# Indian Vegetable Stew



## Avlynn (Jan 13, 2007)

I made this last week. I really enjoyed it, hope you do to.

1/2 cup dry yellow split peas
3 cups water
1 cup potatos, in chunks
1 cup onion, chopped
1 cup vegetable stock
2 cloves garlic, minced
1/4 tsp turmeric
1 1/2 T freshly minced ginger
1 tsp whole brown mustard seeds
1 cup cauliflower, chopped
1 cup carrots, chopped
1 cup red bell pepper, chopped
2 tsp ground cumin
2 tsp ground coriander
1/2 tsp black pepper
1 1/4 cup vegetable stock
salt to taste

Put the yellow split peas into a pot and cover with 3 cups water.

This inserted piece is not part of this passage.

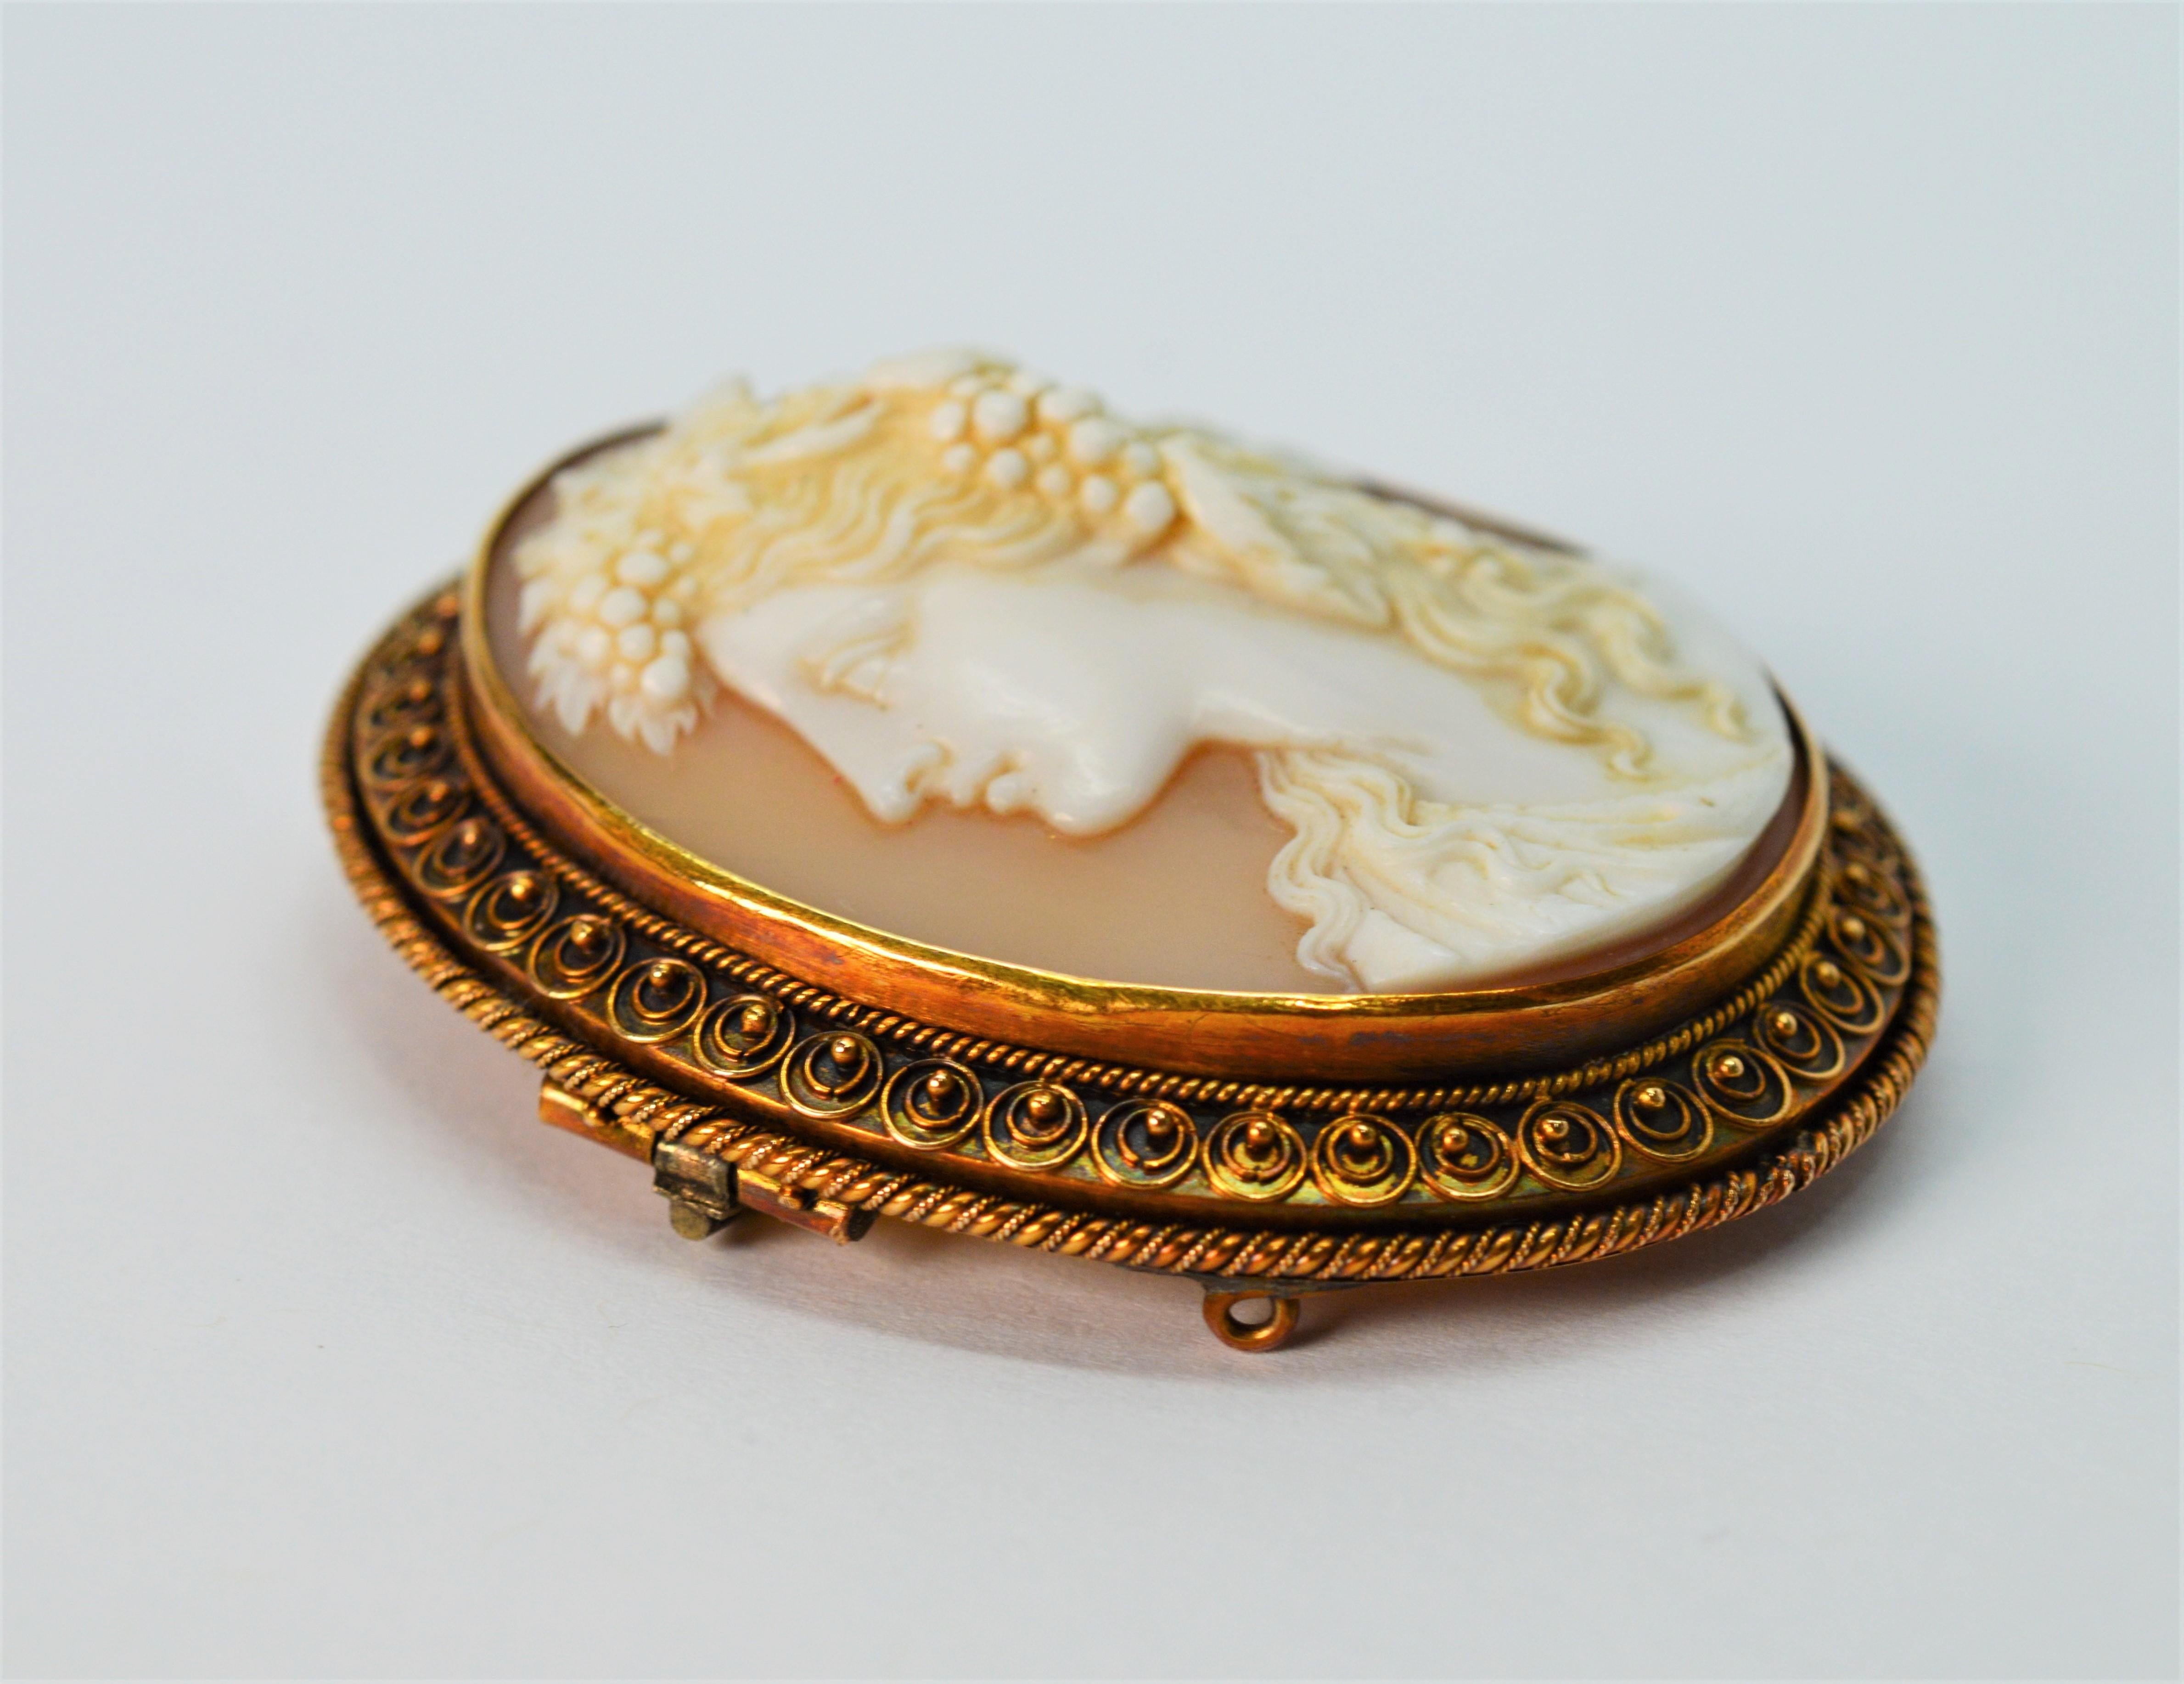 Women's 19th Century Italian High Relief Cameo Gold Brooch

Cook for about 40 minutes, until the peas are tender. Puree them in a food processor and set aside.
In a large pot braise the onions in the stock with garlic, turmeric, ginger and black mustard seeds. When the onions have softened, add the potatos, cauliflower, and carrots. When the carrots are partially cooked add the red pepper, cumin, coriander and black pepper. Simmer until all vegetables are cooked. Pour the processed peas over veggies in pot and stir. Add as much vegetable stock until desired thickness. Add salt to taste.

Makes about 4 to 5 servings.
I like to eat it with naan bread.

Av


----------



## Bethsy (Jan 14, 2007)

Hey hey,
Looks brilliant! Thanks heap. The only thing is.... what are yellow split peas?
Bethsy.


----------



## Avlynn (Jan 15, 2007)

Well i don't knowwhat split peas are. They are by the lentils at my corner market. I buy them dry. They have green, yellow and sometimes pink. I'm pretty sure they are a legume. I think. Well i really have no idea. Maybe they are a veggie. 

All i know is i like um 

Av


----------



## karadekoolaid (Jan 15, 2007)

Yellow split peas are available in Indian markets, but in other places too. They are actually peas, but are yellow. You may also find green split peas. 

If I remember rightly, Indian cookery uses 3 different types of legume/grain: 
Peas ( sometimes split peas) 
Beans (usually whole)
Lentils

In your Indian grocery you'll find them all described as "Dal" or "Daal". You'll discover a wealth of different colours and flavours - pink, brown and green lentils,(Masoor dal)  split chick peas (Chenna Dal), tiny green, black and yellow "Chinese" peas ( called Moong dal or urid dal). 

These are used to thicken stews; as a simple (or complex) preparation on their own; to make soups; to make "Rasam" (pepper water); to make fried snacks and even used as a "peanut" sub in cheewra.

Just go ahead and buy some , then ask the store attendant how best to prepare them!


----------



## subfuscpersona (Jan 16, 2007)

*re What are yellow split peas*



			
				Bethsy on Jan 14 2007 said:
			
		

> ...the only thing is.... what are yellow split peas?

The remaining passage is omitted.